The Geometry Behind the Dot Product: Unit Vectors, Projections, and Instinct

This text is the primary of three components. Every half stands by itself, so that you don’t must learn the others to grasp it.

The dot product is among the most necessary operations in machine studying – however it’s laborious to grasp with out the proper geometric foundations.
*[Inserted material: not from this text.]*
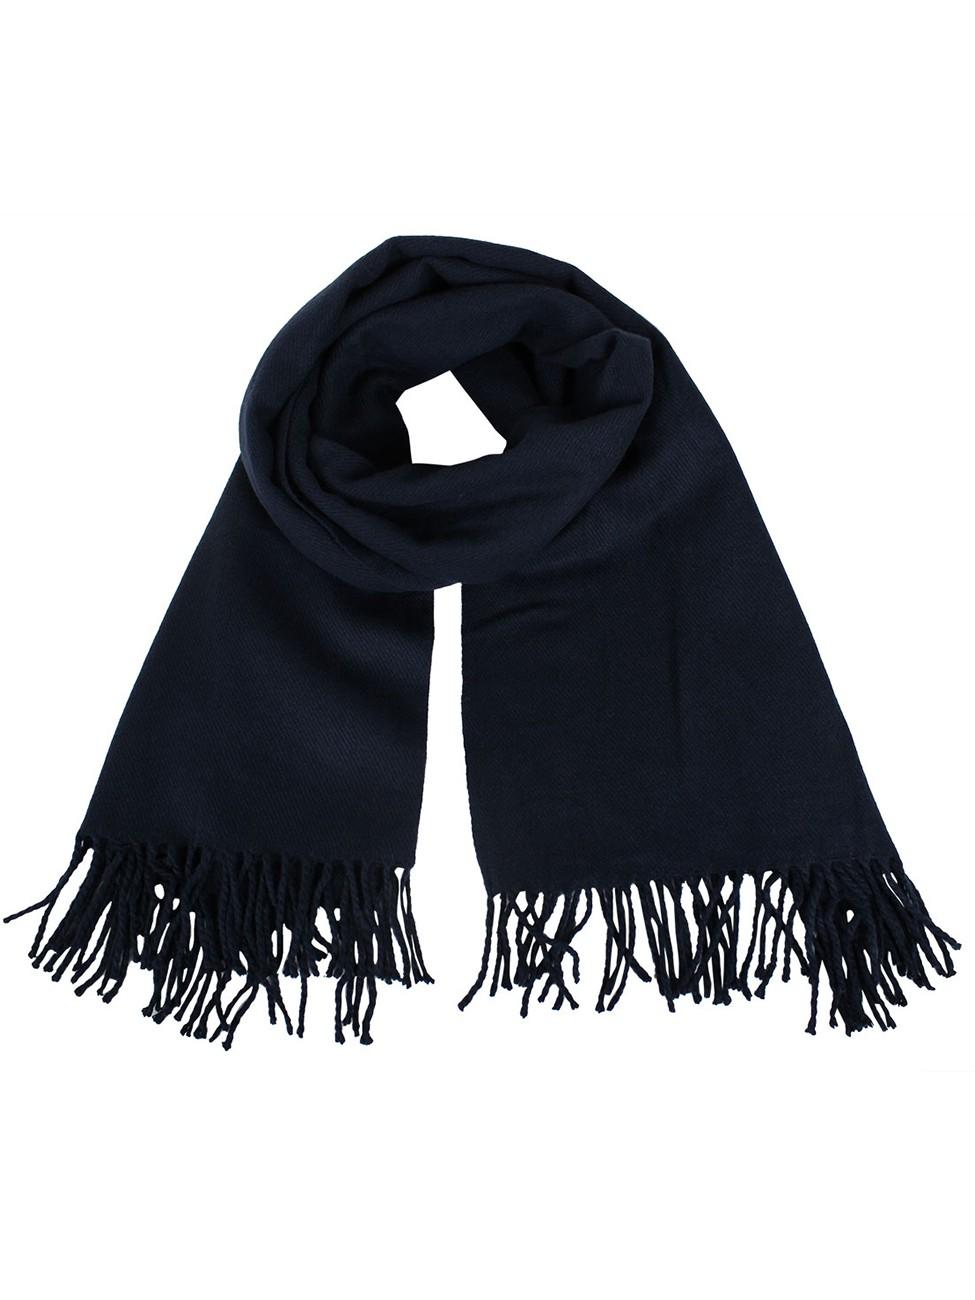 vero moda damen schal 10137899 vmsolid long scarf noos ebay. Black Bedroom Furniture Sets. Home Design Ideas
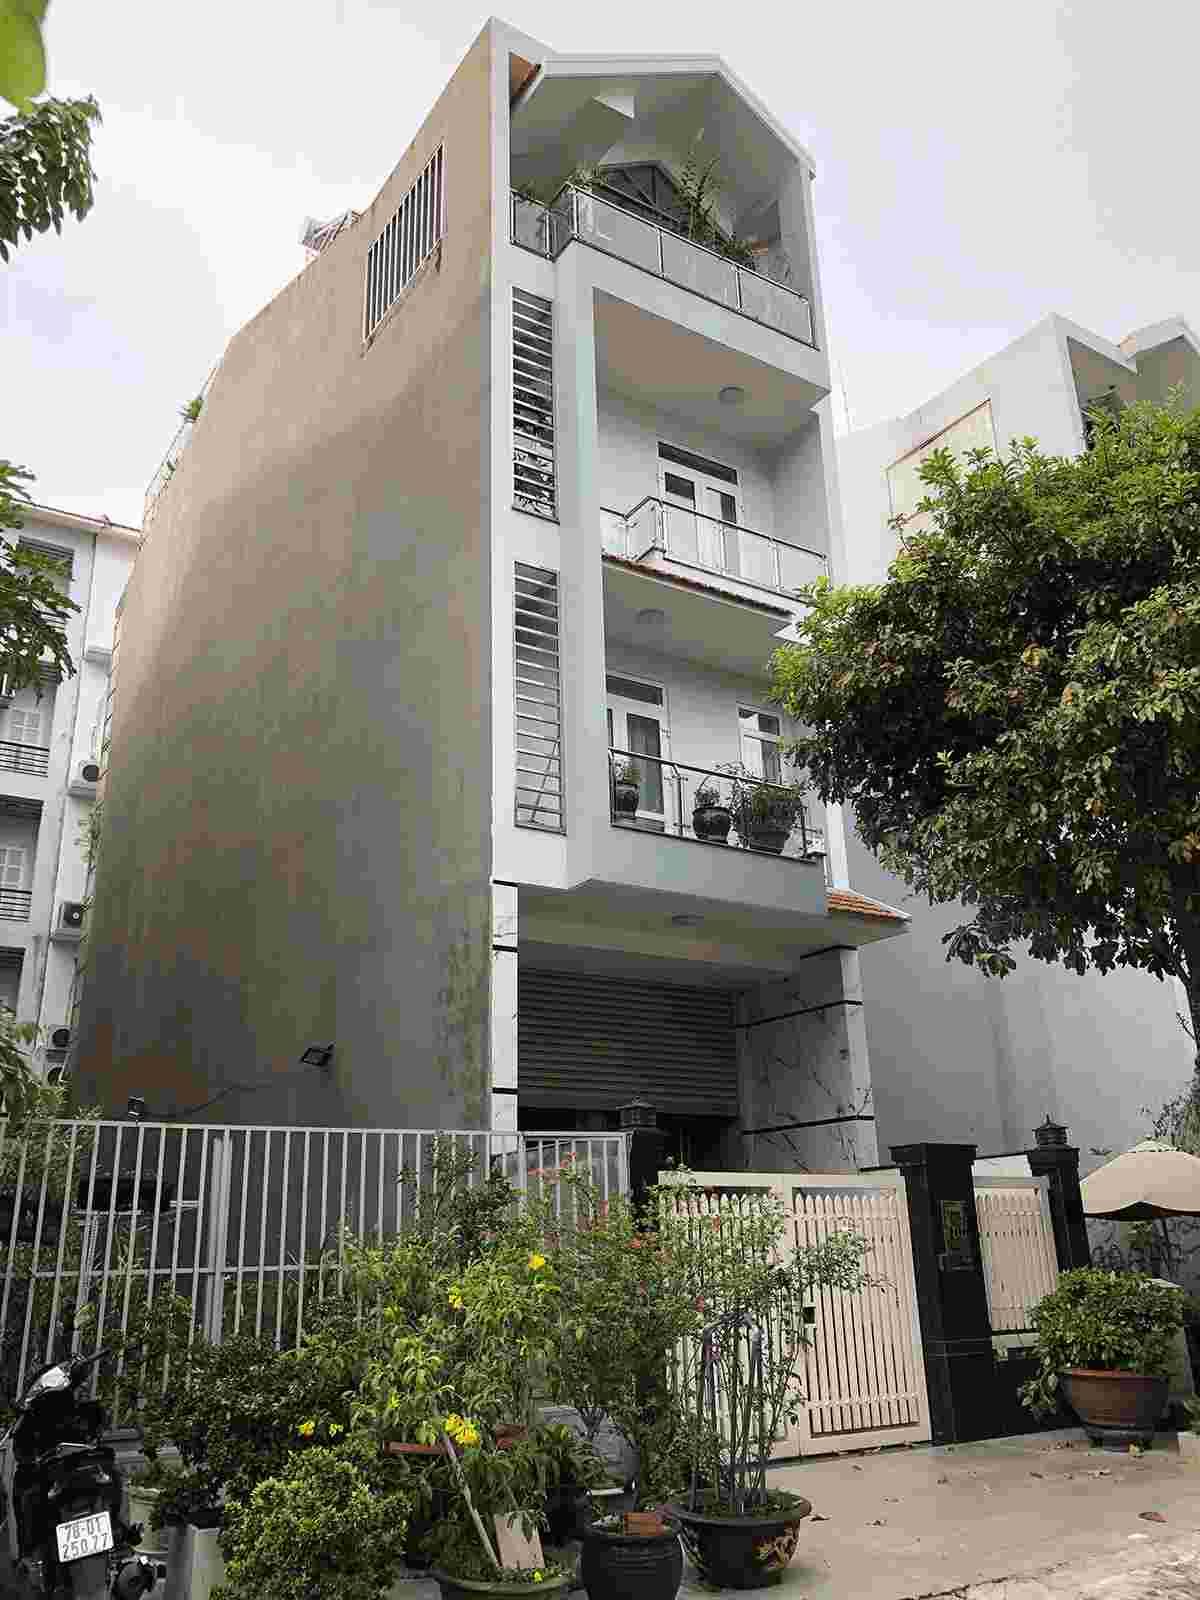 Bán nhà phố Him Lam Kênh Tẻ Quận 7 đường số 14 giá 19.6 tỷ, sổ hồng, vị trí đẹp. LH: 0913.050.053  Mr Huynh.

On this first half, we construct these foundations:

· Unit vectors

· Scalar projection

· Vector projection

Whether or not you’re a scholar studying Linear Algebra for the primary time, or need to refresh these ideas, I like to recommend you learn this text.

In actual fact, we’ll introduce and clarify the dot product on this article, and within the subsequent article, we’ll discover it in higher depth.

The vector projection part is included as an non-obligatory bonus: useful, however not obligatory for understanding the dot product.

The following half explores the dot product in higher depth: its geometric which means, its relationship to cosine similarity, and why the distinction issues.

The ultimate half connects these concepts to 2 main functions: advice programs and NLP.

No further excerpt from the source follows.